Here’s the truth: HR doesn’t run the civil service. HR can advise, highlight risks, ensure legal compliance, and support managers in understanding policies. HR doesn’t, however, have the final say on who stays, who goes or who gets that job. Managers should feel empowered to lead their teams and make those decisions.

Members in PCS Home Office Group, be they line managers or frontline staff, won late last year when we secured an extension to the absence trigger points for all Home Office staff and ensured that line managers now need only progress to formal attendance meetings when there is a cause for concern.

This rightly saves line staff from undue stress defending themselves from misapplied policy, but also importantly empowers line managers.

PCS will continue to campaign for policies which consistently enable line managers to best support their staff. But unfortunately, this is not yet seen across the board.

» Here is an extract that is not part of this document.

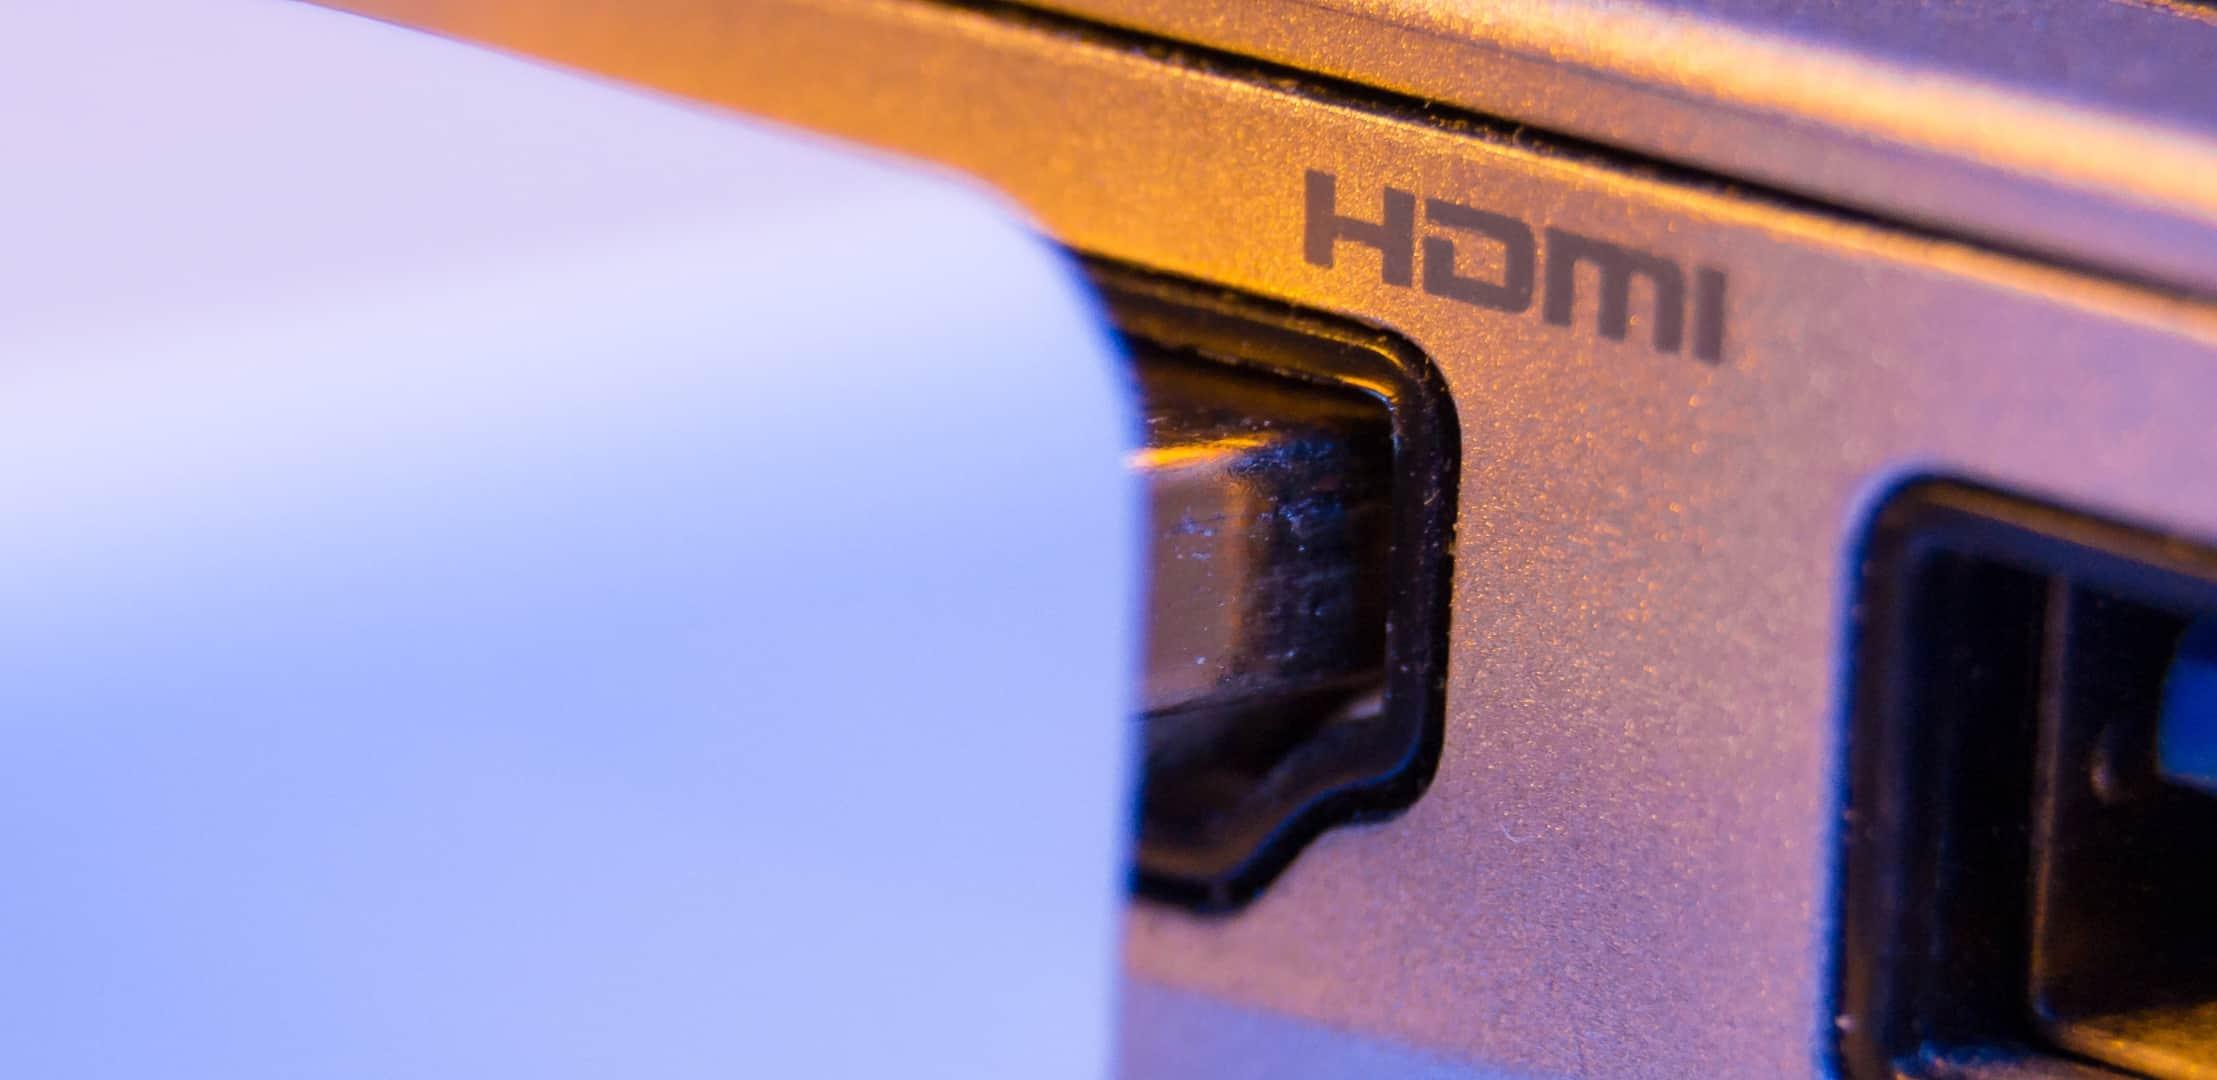 Capturadora de vídeo HDMI: ¿Cuál es la mejor del 2020?

As a PCS rep, I know when the usual management rebuttal is coming out of the pocket and delivered on cue. All too often, managers are outsourcing tough calls and then quietly blaming the “process” or are incorrectly following the “policy.” Rather than feeling empowered to explain and own their decisions, they feel they need to turn to HR as a sort of risk management.

Of course, HR can be powerful. In some organisations, it can be too powerful –dictating culture, influencing operations, inserting process into every corner. But more often, HR is used as a buffer, especially when managers lack either the courage or proper training to lead from the front.

This dynamic corrodes trust. Employees don’t feel heard. Decisions feel opaque. Accountability gets blurred and managers feel powerless and everyone loses out.

PCS supports policies where managers can find their true courage. We demand a system where there is no more cowering behind the line “I have taken advice from my HR BP, and based on that advice, they have made that decision.”

Because when everyone blames HR, no one leads.